------ Data block

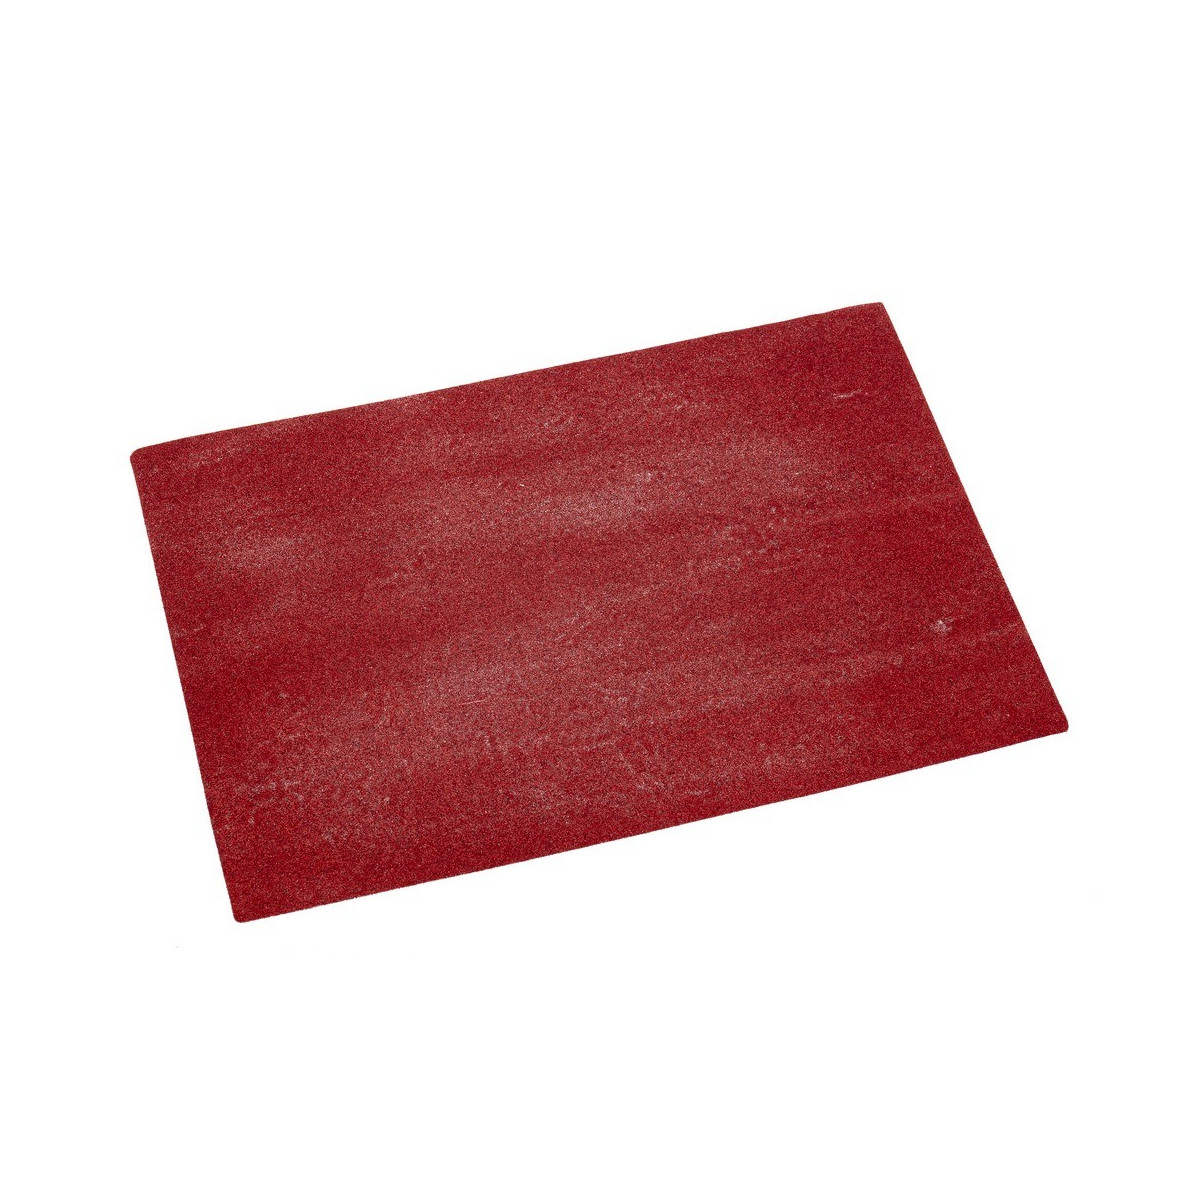 Dessous de plat rouge 40 x 27 50 cm
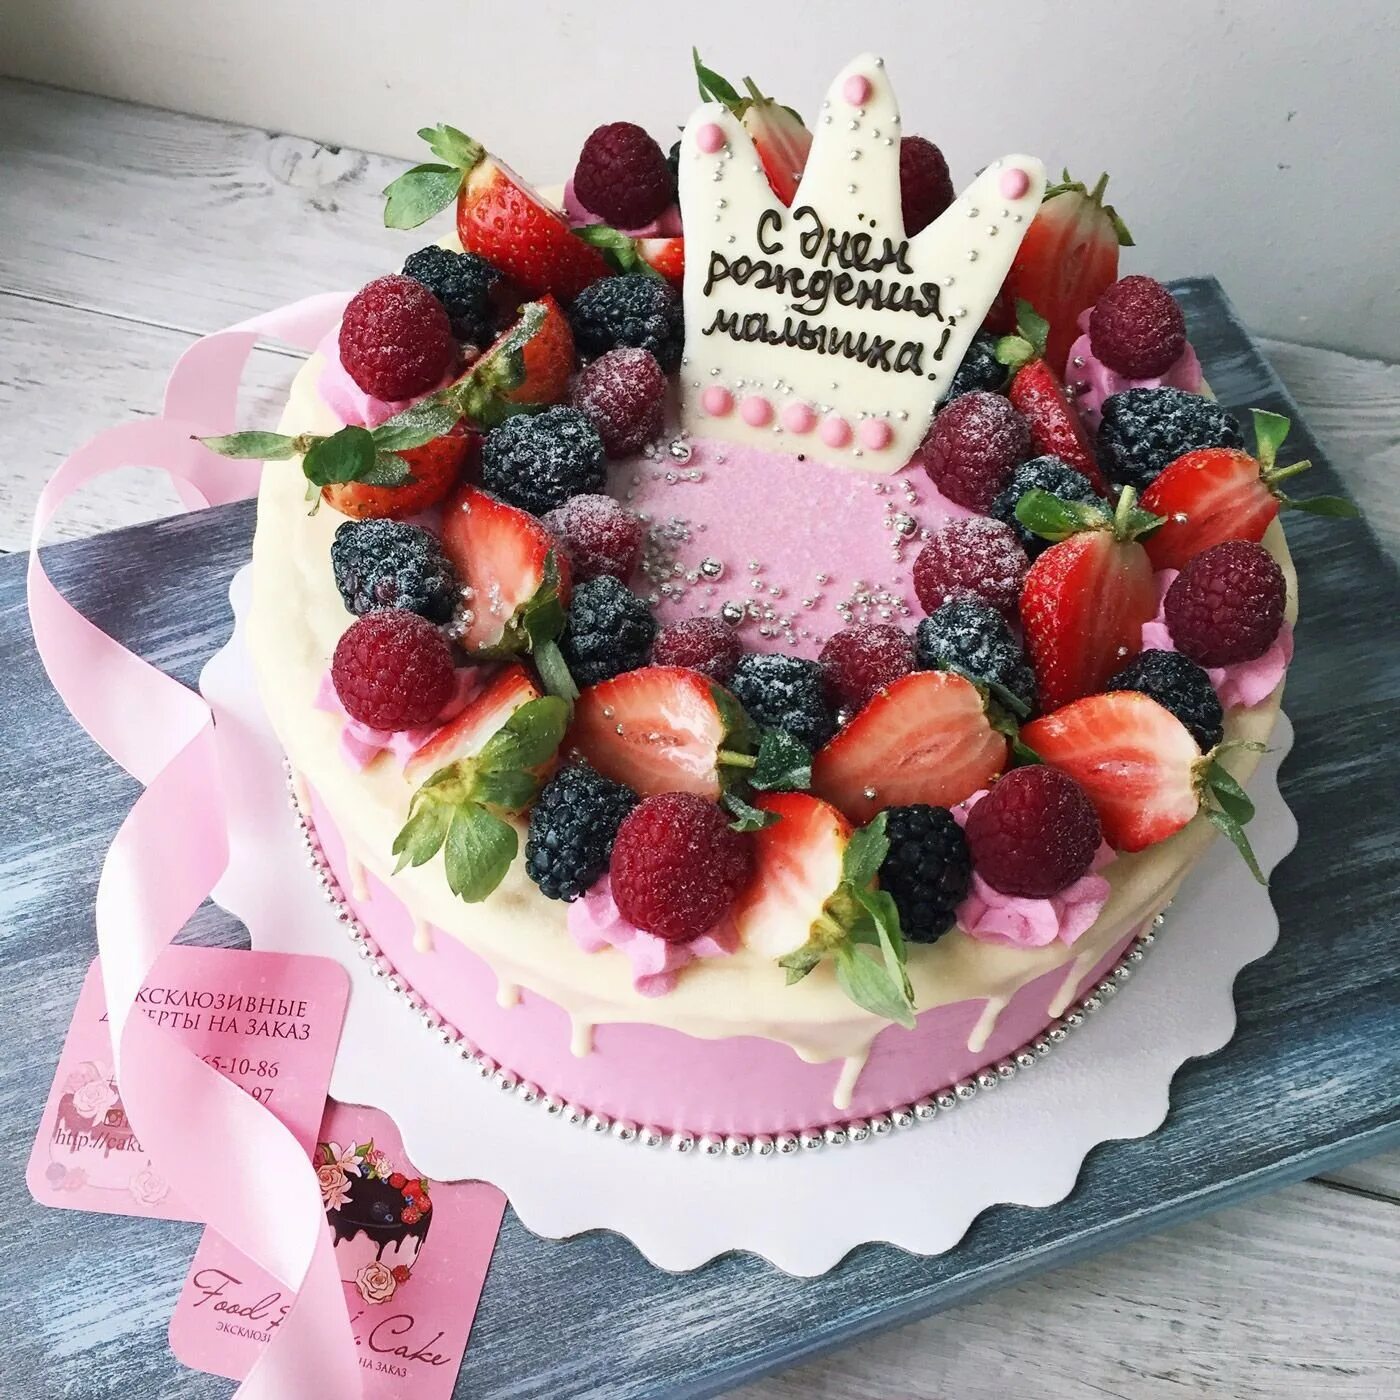 Торты на работу на день рождения. Торт с днем рождения!. Торт для мамы с ягодами. Торт девушке на др фруктовый. Ягодный торт на день рождения.
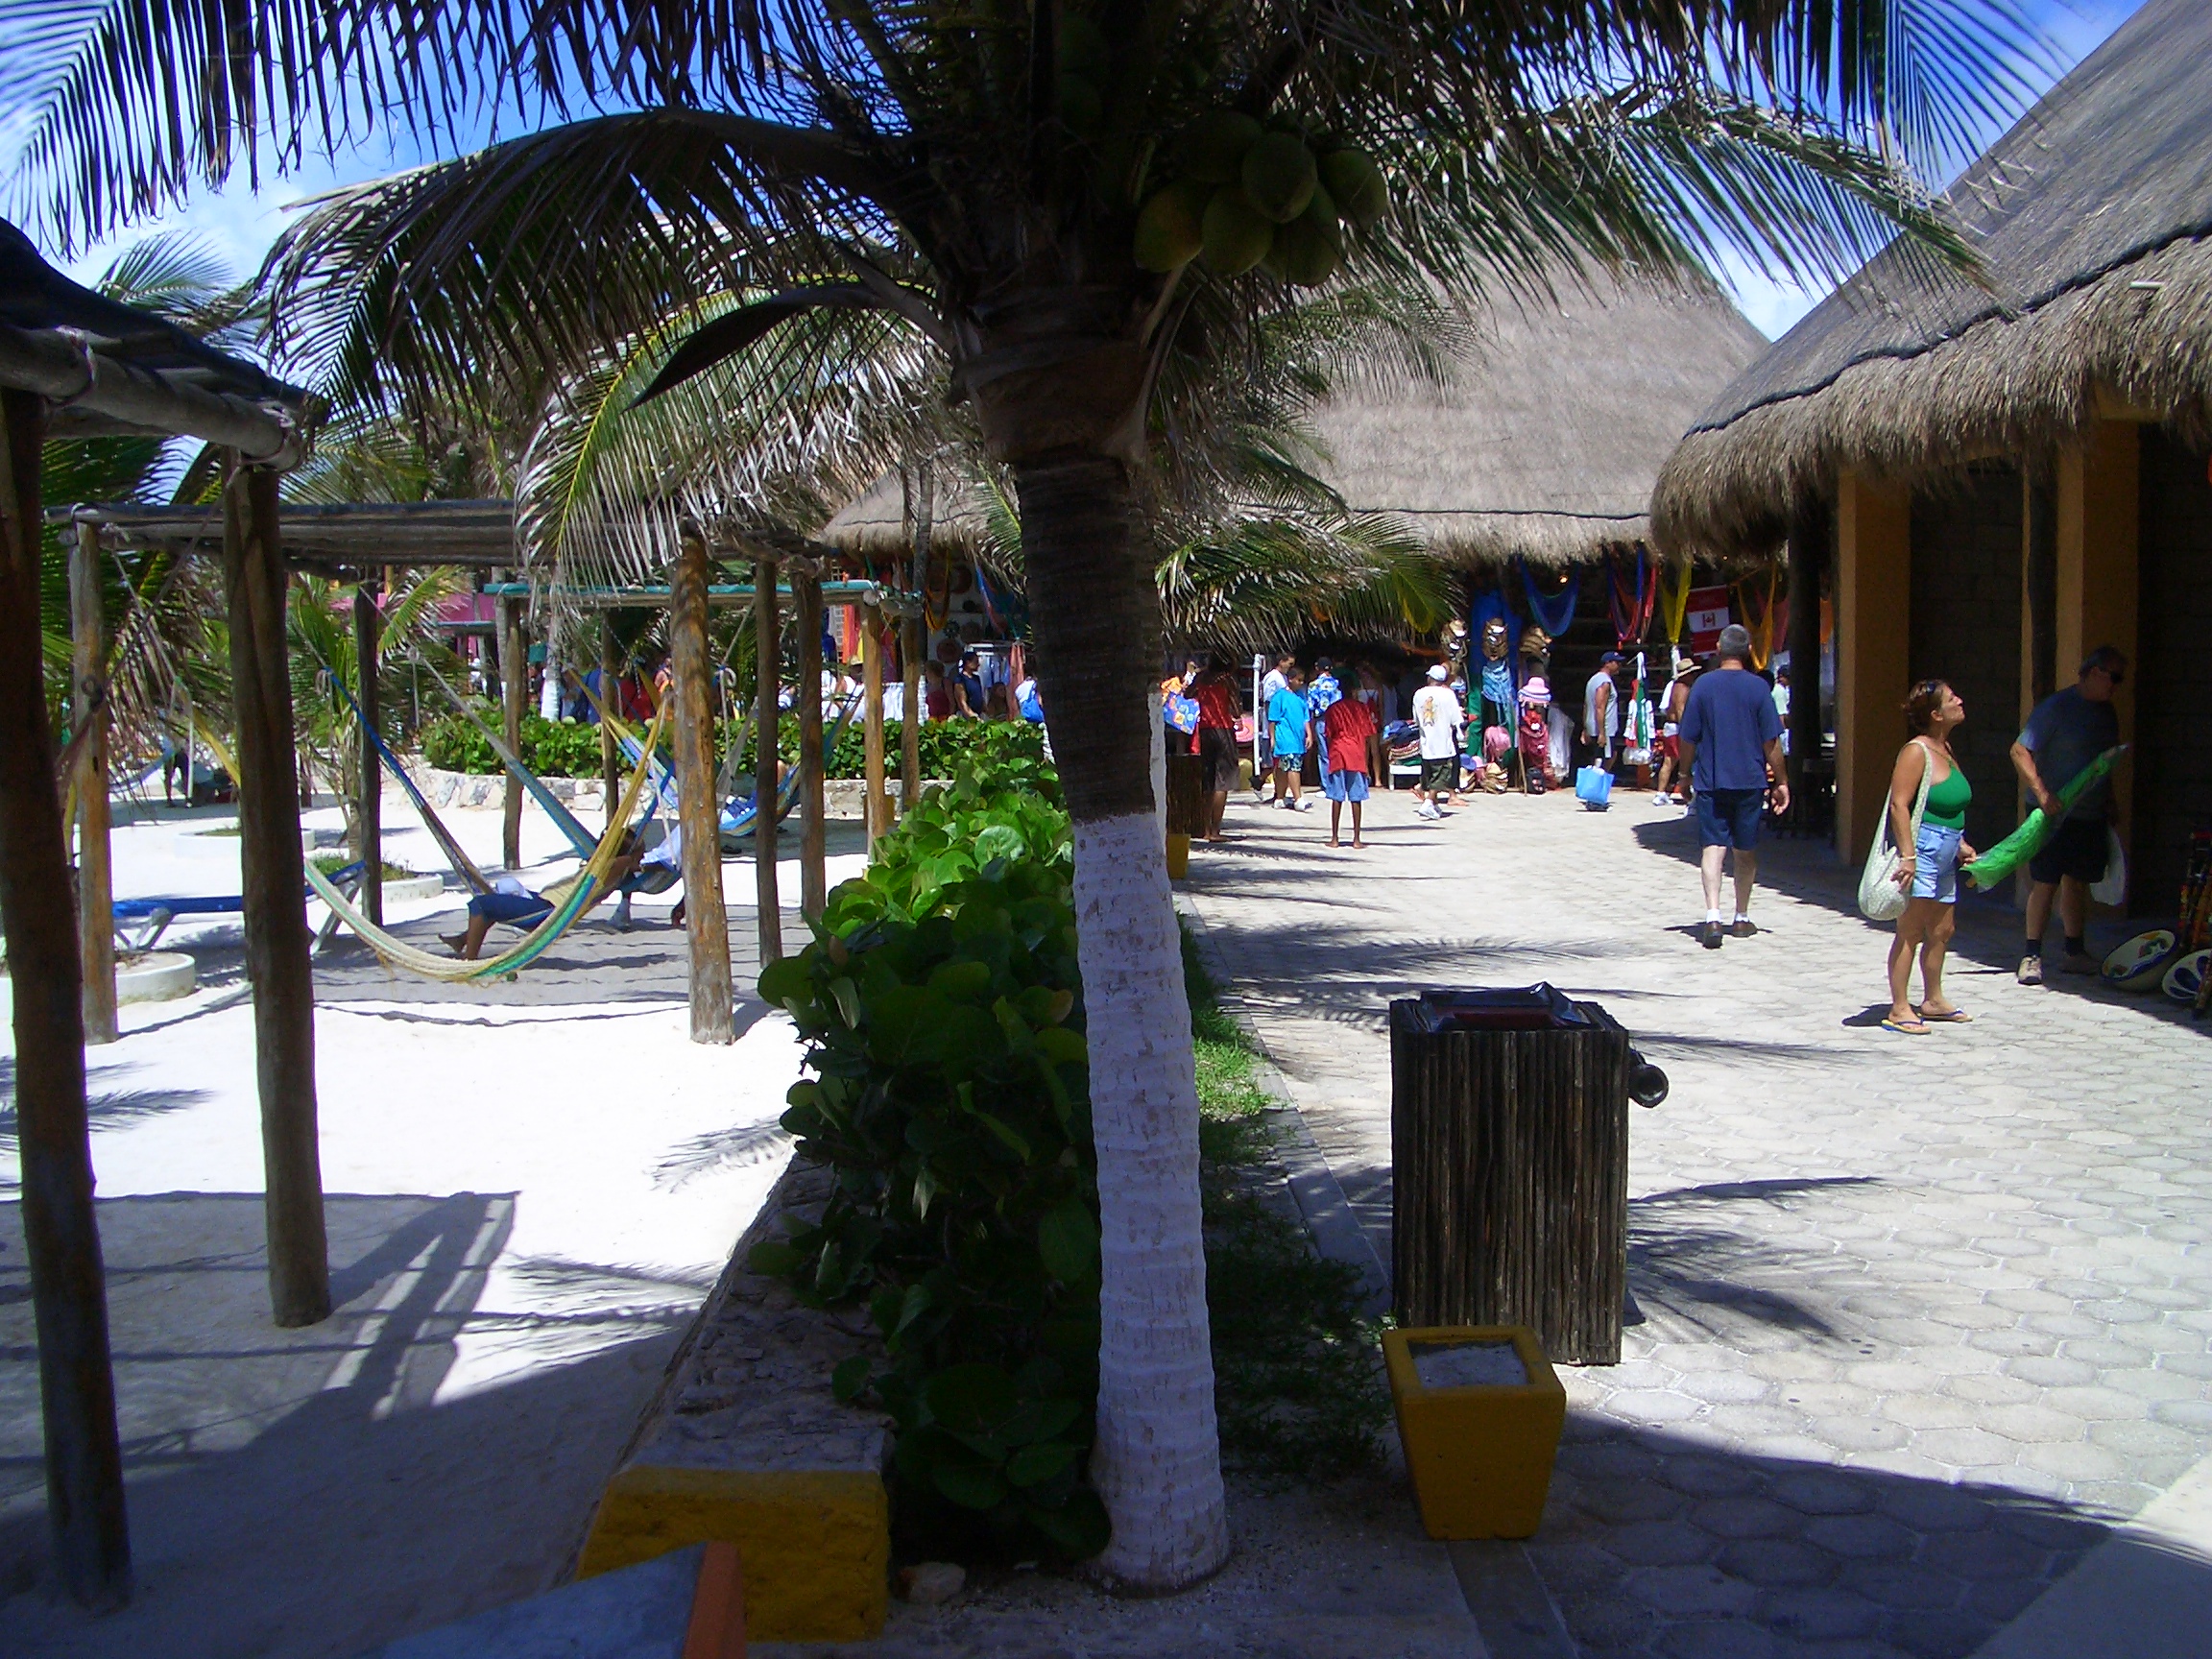 Shopping Port at Costa Maya

------------

_Task description_: Quote the material exactly. Pictures stay out.

_Answer to this problem_:
 Dessous de plat rouge 40 x 27 50 cm
 Торты на работу на день рождения. Торт с днем рождения!. Торт для мамы с ягодами. Торт девушке на др фруктовый. Ягодный торт на день рождения.
 Shopping Port at Costa Maya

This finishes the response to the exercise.